I have a table of two string type columns (username, friend)
and for each username, I want to collect all of its friends on one row, concatenated as strings. For example: ('username1', 'friends1, friends2, friends3')
I know MySQL does this with GROUP_CONCAT
. Is there any way to do this with Spark SQL?
Before you proceed: This operations is yet another another groupByKey
. While it has multiple legitimate applications it is relatively expensive so be sure to use it only when required.
Not exactly concise or efficient solution but you can use UserDefinedAggregateFunction
introduced in Spark 1.5.0:
object GroupConcat extends UserDefinedAggregateFunction {
def inputSchema = new StructType().add("x", StringType)
def bufferSchema = new StructType().add("buff", ArrayType(StringType))
def dataType = StringType
def deterministic = true
def initialize(buffer: MutableAggregationBuffer) = {
buffer.update(0, ArrayBuffer.empty[String])
}
def update(buffer: MutableAggregationBuffer, input: Row) = {
if (!input.isNullAt(0))
buffer.update(0, buffer.getSeq[String](0) :+ input.getString(0))
}
def merge(buffer1: MutableAggregationBuffer, buffer2: Row) = {
buffer1.update(0, buffer1.getSeq[String](0) ++ buffer2.getSeq[String](0))
}
def evaluate(buffer: Row) = UTF8String.fromString(
buffer.getSeq[String](0).mkString(","))
}
Example usage:
val df = sc.parallelize(Seq(
("username1", "friend1"),
("username1", "friend2"),
("username2", "friend1"),
("username2", "friend3")
)).toDF("username", "friend")
df.groupBy($"username").agg(GroupConcat($"friend")).show
## +---------+---------------+
## | username| friends|
## +---------+---------------+
## |username1|friend1,friend2|
## |username2|friend1,friend3|
## +---------+---------------+
You can also create a Python wrapper as shown in Spark: How to map Python with Scala or Java User Defined Functions?

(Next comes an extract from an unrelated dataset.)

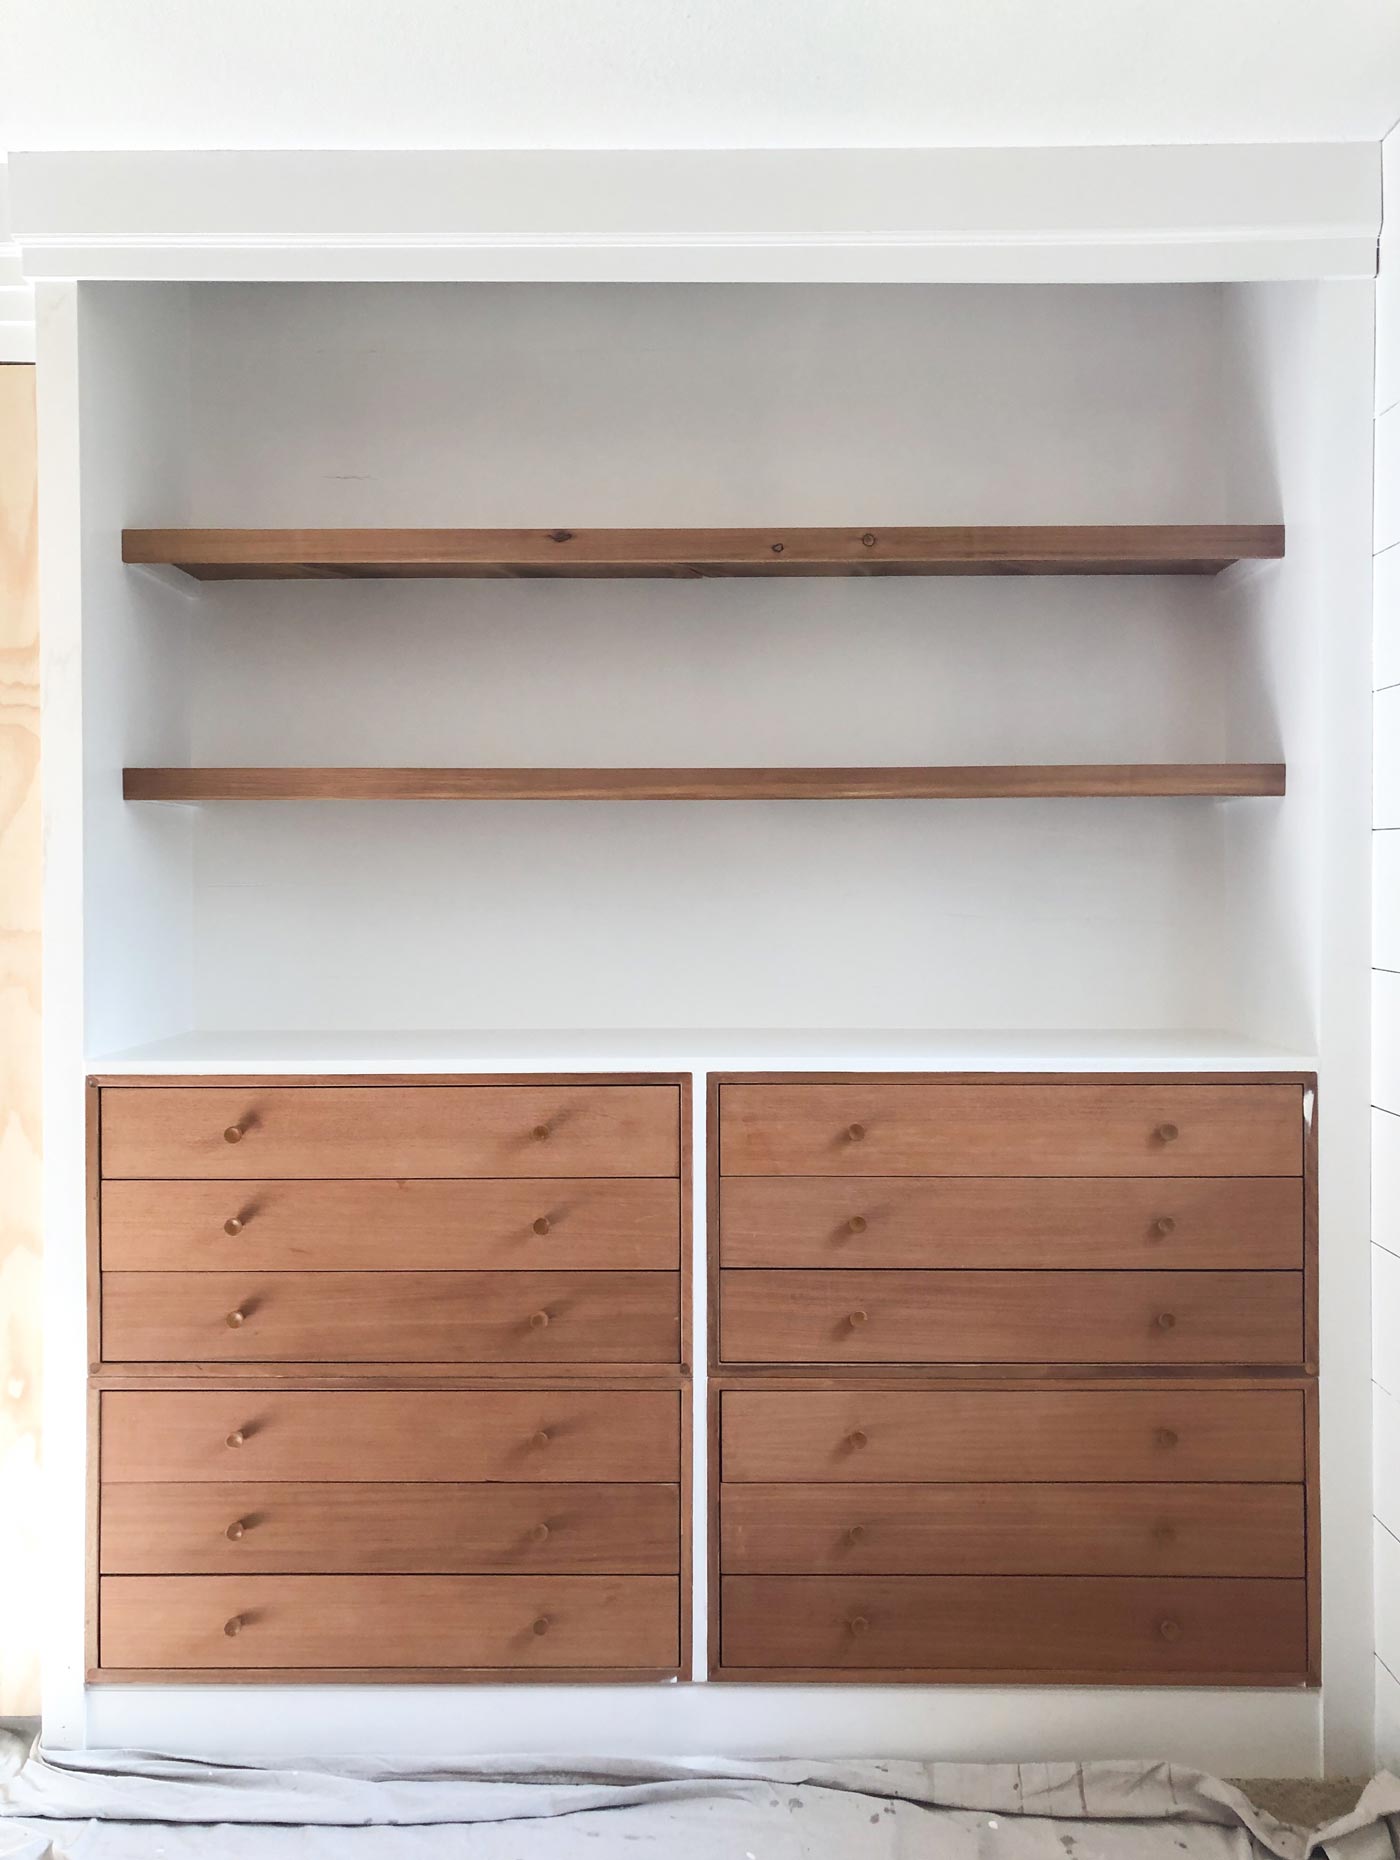 DIY-Built-ins-dressers-shelves-wood-white-paint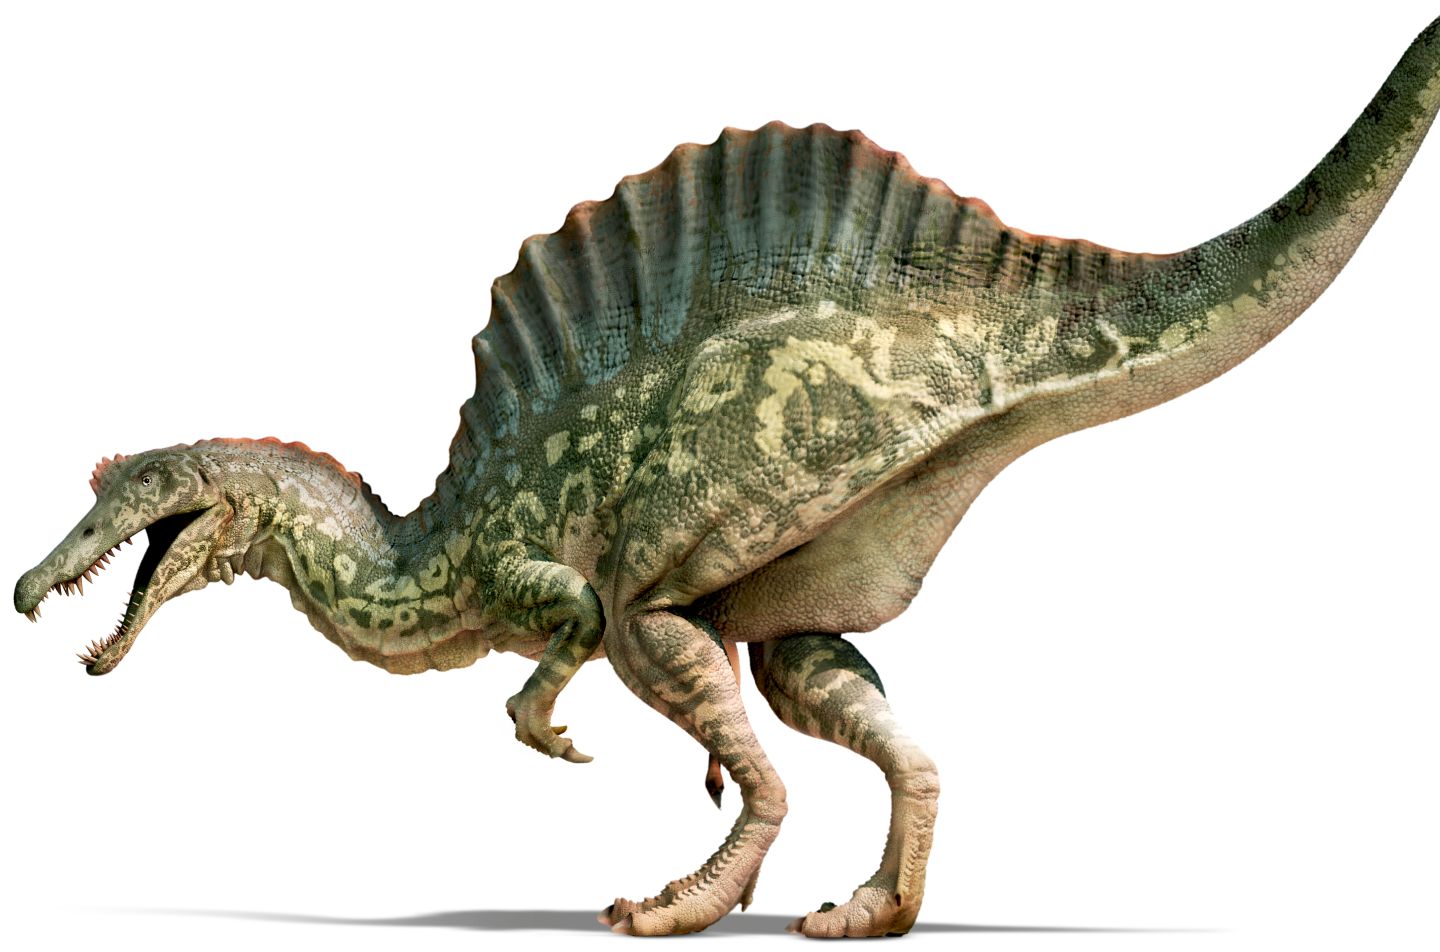 高型棘龙复原说明一下,棘龙b曾经认为是棘龙类的其他物种而非埃及棘龙

In practice it can be faster to extract RDD, groupByKey
, mkString
and rebuild DataFrame.
You can get a similar effect by combining collect_list
function (Spark >= 1.6.0) with concat_ws
:
import org.apache.spark.sql.functions.{collect_list, udf, lit}
df.groupBy($"username")
.agg(concat_ws(",", collect_list($"friend")).alias("friends"))